这日,忙完手头的事情,再一看时辰,早就已经过了中午吃饭的时辰了,因为特地吩咐过下人她在忙的时候,不要过来打扰她,所以等她反应过来,肚子已经饿得咕咕叫了。
“这会让厨房再去做她一个人的饭也不合适,还不如出去吃……”想起盛挽秋名下有一间很有名的酒楼,她一直都没有吃过,干脆今天过去尝尝算了!
说去就去!楚璃月当即冲到梧桐院,将正在缝制荷包的盛挽秋一起拉了出来。
一路上母女俩都说说笑笑的,直到到了酒楼门口,小桃忽然拉了拉楚璃月,“小姐小姐,你快看,那人是不是王爷啊?”
楚璃月顺着小桃手指的方向看去,果然见到夜溟和一位胡子发白的老者被人群簇拥着从另一个方向走来,而在夜溟的身旁,施蕊装扮精致,言笑晏晏,乍一看两人就像是从画里走出来的一对璧人。
这一瞬间,楚璃月的心像是被什么东西狠狠地撞击了一下似的,而似乎是有所感觉似的,夜溟也在这个时候转头,看到了一旁挽着盛挽秋站着不动的楚璃月。
四目相对的那一刹那,楚璃月不由自主地抓紧了盛挽秋的袖子,可夜溟却有如没看见她一样,平静地收回目光,随着那群人进了酒楼。
巨大的失落随着夜溟转身的背影侵袭而来,楚璃月感觉心里闷闷地,好像方才的好心情瞬间就消失得无影无踪了一样。
他为什么不理她,还在因为之前的事生气吗?还是因为这两天她事情太多,把他给忘了,所以他不想理她了……可是不理就不理,用得着找别的女人来气她吗?
“璃儿,璃儿?”
“啊?”
盛挽秋叫了好几声才将楚璃月从胡思乱想的状态中拉回来,“怎么了?”见楚璃月魂不守舍的,她不由问道。
“没事,娘,我们进去吧。”楚璃月努力装出什么事都没有的样子,挤出一个笑容后,拉着盛挽秋走了进去。
“客官几位啊?”一进门,店小二就热情地迎了上来。
楚璃月却还在想夜溟,于是她不由自主地开口问道:“方才在我们前头进来的那桌客人去了哪?”
“回客官,刚才来的客人们去了二楼的厢房,两位是也想在厢房用膳吗?”小二问道。
“嗯……不用了,就在二楼大厅给我们找张空位就行了。”楚璃月怕盛挽秋看出她的不对,于是应付似的回了一句,就赶紧拉着人上了二楼。
“怎么了,从刚才进门之后就魂不守舍的。”菜上桌后,见楚璃月也只是有一口没一口的吃着,盛挽秋终于忍不住开口问道。
楚璃月摇摇头,“没有啊,娘,这里的菜真好吃,你多吃点!”
楚璃月一边给盛挽秋夹菜,一边却悄悄瞟向了不远处的厢房。
好一会后,厢房那边终于传来了动静,楚璃月连忙伸长了脖子去看,只见应当是吃完饭了,夜溟和其他人一起出来,缓步朝着楼下走去,期间那个老者一直在说些什么,夜溟只是默默听着,偶尔点点头。

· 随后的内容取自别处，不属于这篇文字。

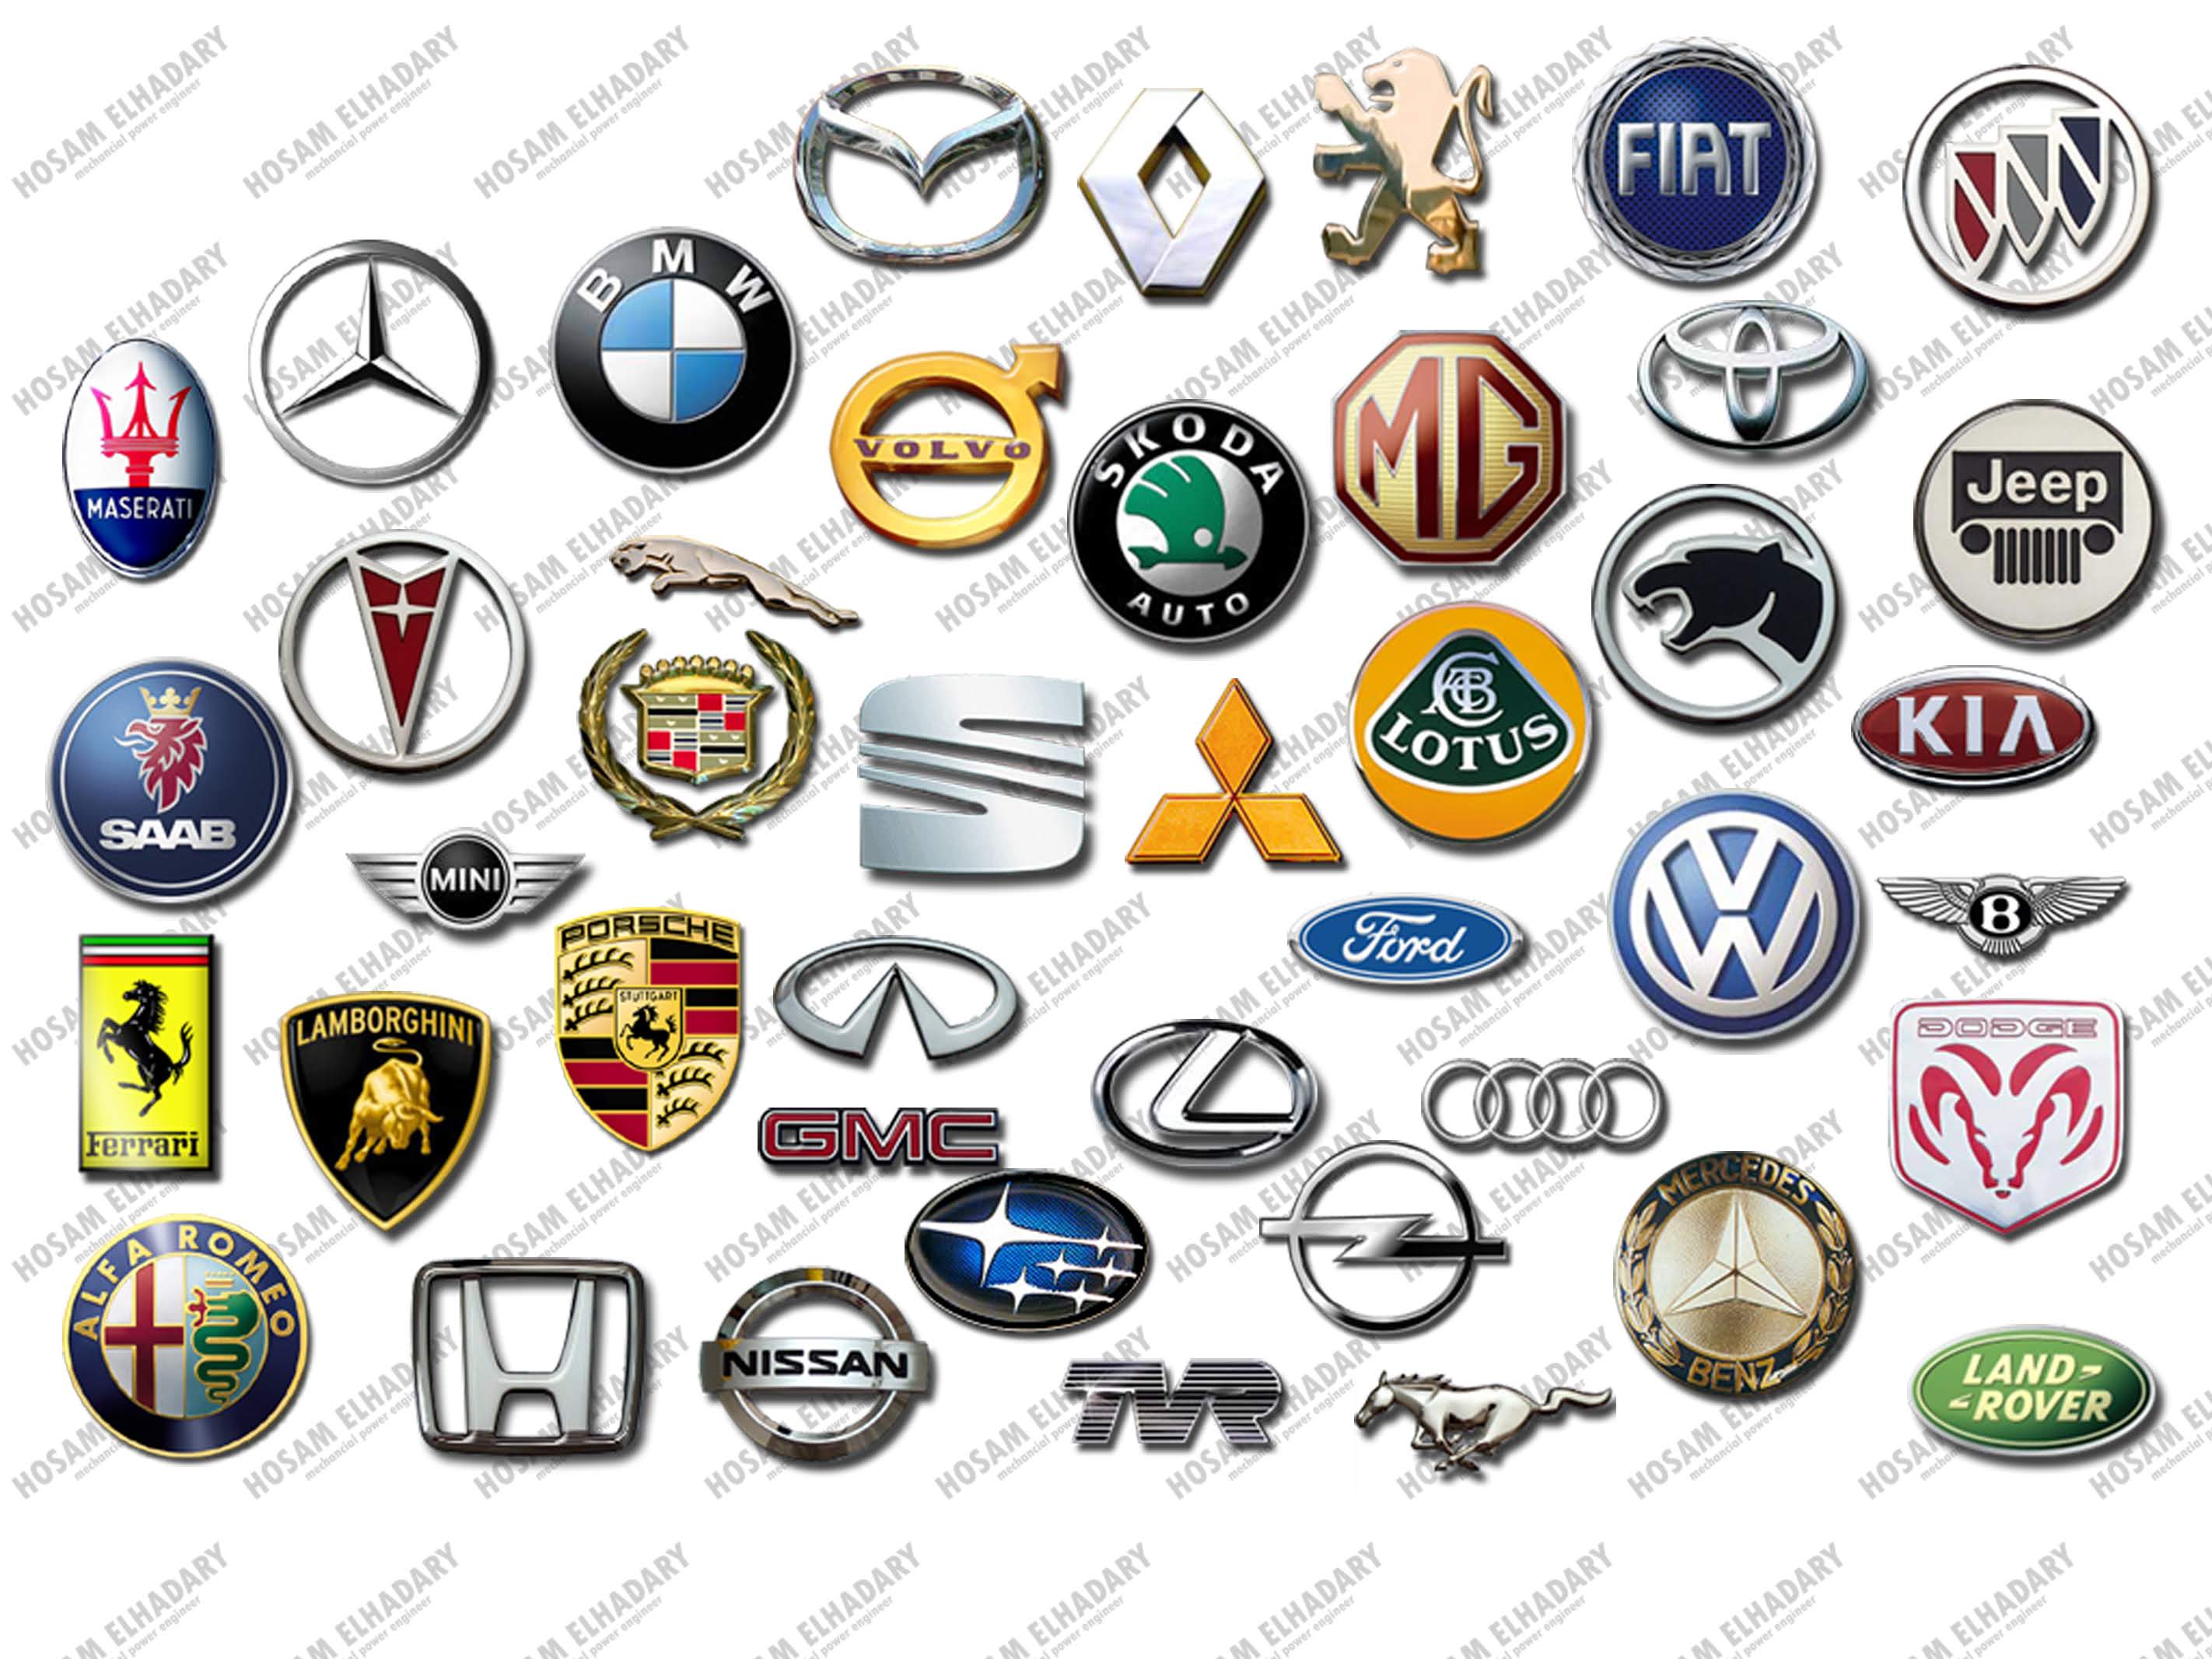 All Car Symbols And Names In The World

当所有人都下楼后,楚璃月以为夜溟也已经走了,正失落着,却见夜溟居然一个人折返过来,又重新走进了厢房。
他回来做什么?楚璃月心中不解,等了一会夜不见夜溟从厢房里出来,于是她终于坐不住了,“娘,我想起有些事情要找摄政王,我去去就来,娘就在这等我一会。”

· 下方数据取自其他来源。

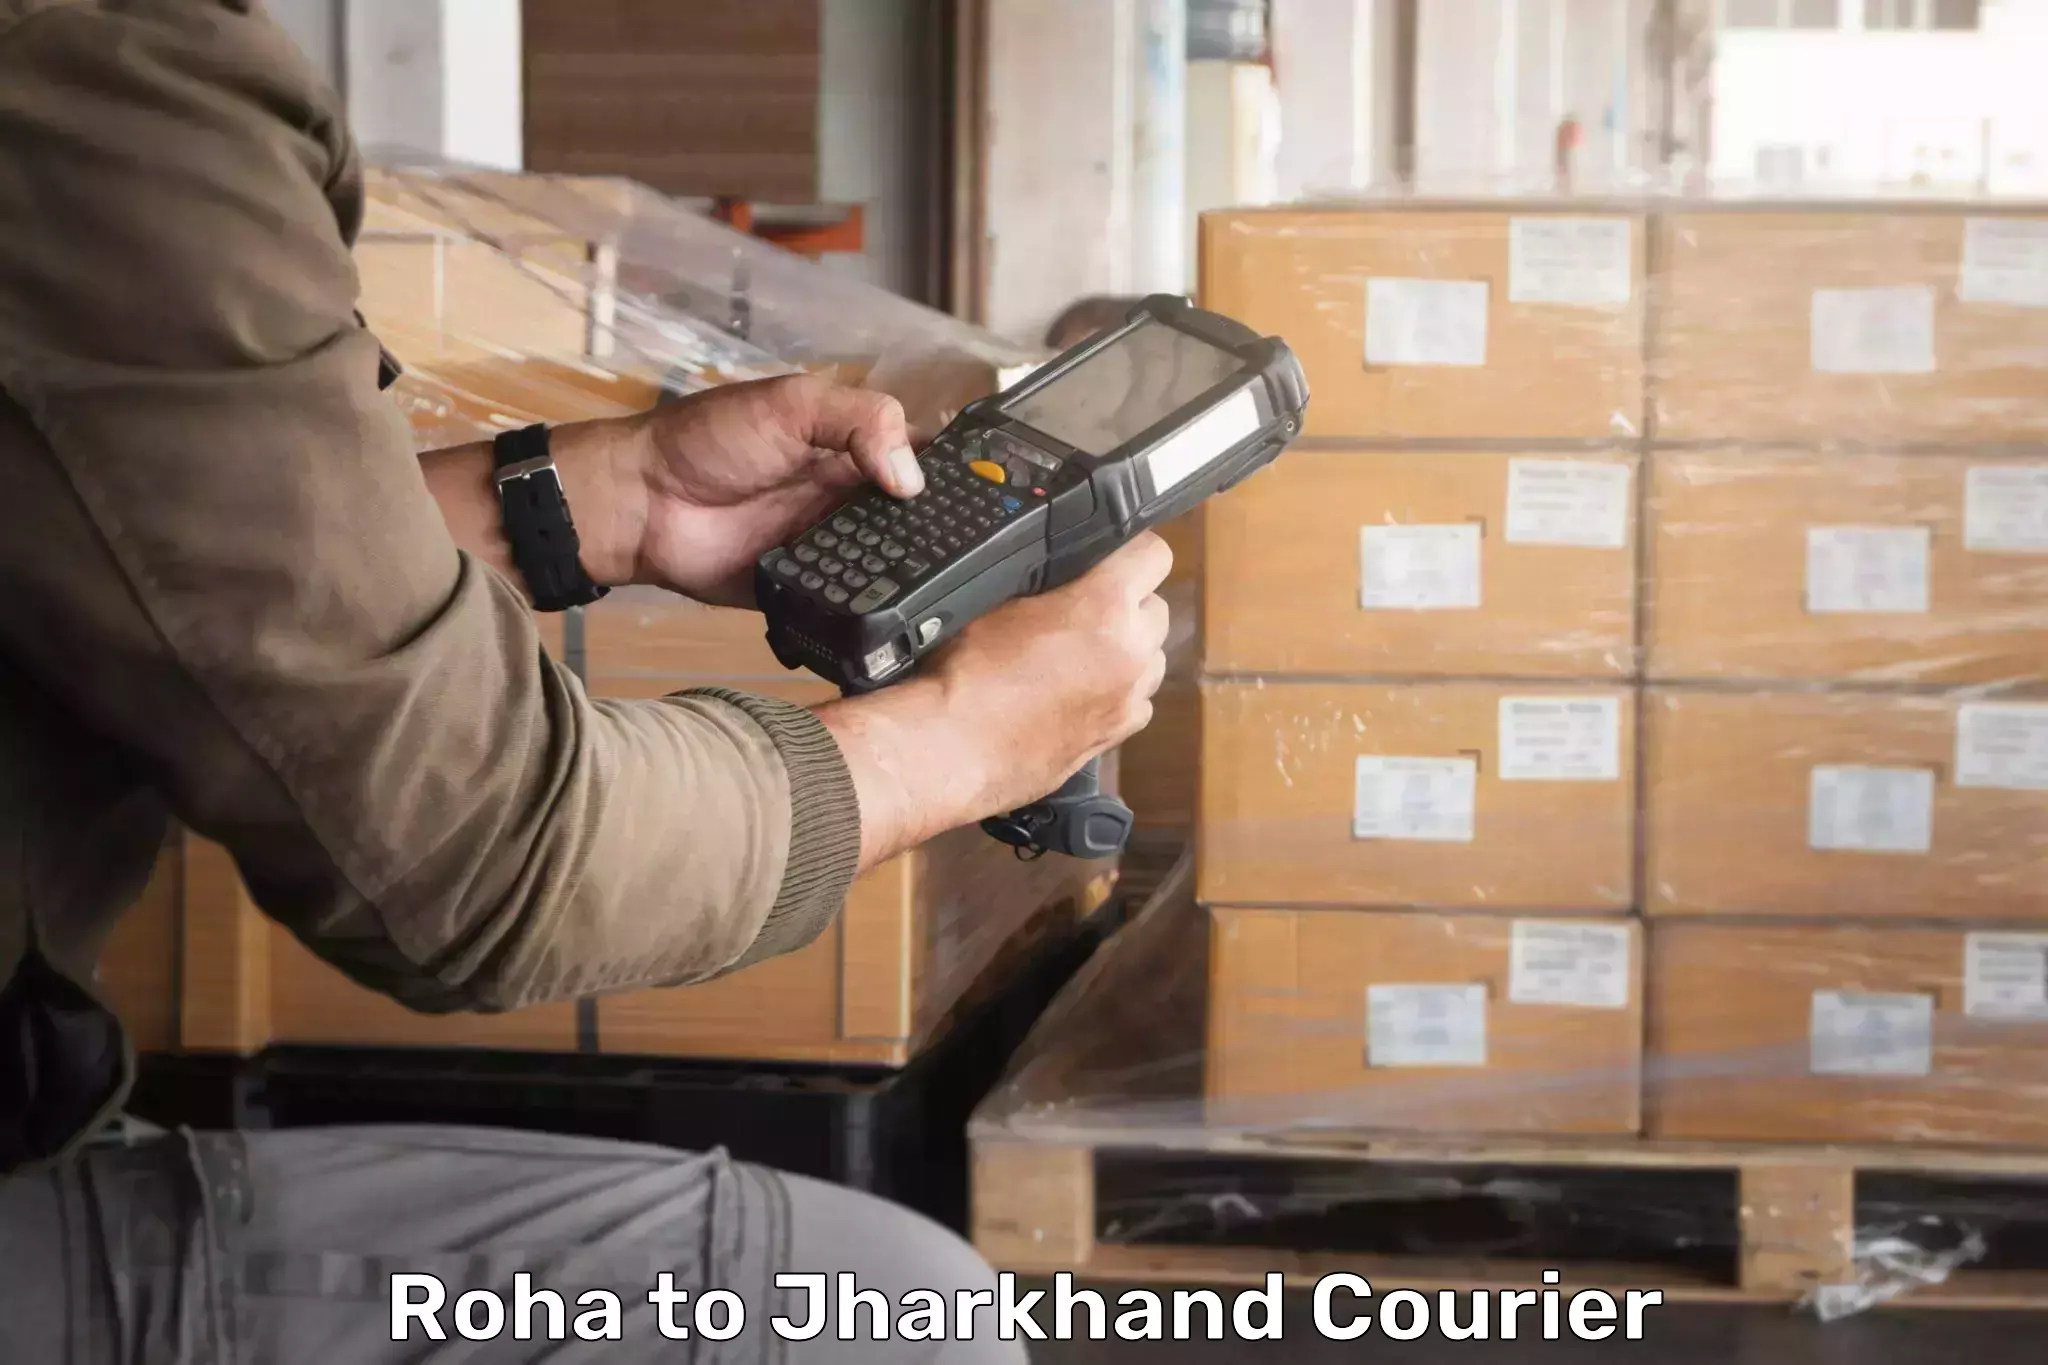 Efficient courier operations Roha to Palamu

“什么事,要娘陪你一起去吗?”之前夜溟强制将楚璃月带回摄政王府的事情让盛挽秋秋对夜溟印象并不大好,再加上夜溟威名在外,盛挽秋难免有些担心楚璃月的安危。
“没事的,娘,我很快就回来。”安抚好盛挽秋后,楚璃月便怀着有些忐忑的心走到夜溟所在的厢房门口,敲了敲门。
“进来。”里头传来夜溟久违的低沉的声音。
楚璃月推开门走了进去,只见夜溟一个人坐在房里喝茶,见她进去,却连看也不看她。
楚璃月像做错事的孩子一样在夜溟的对面坐下,但坐了一会,见夜溟始终不拿正眼瞧她,于是她又起身绕到了夜溟的身边坐着,并可怜巴巴地扯了扯夜溟的袖子。
没动静,她又扯。
还是没动静,她再扯!
这回我们的高冷王爷终于舍得转头看她一眼了,“王爷怎么不送他们回去?”楚璃月开始没话找话。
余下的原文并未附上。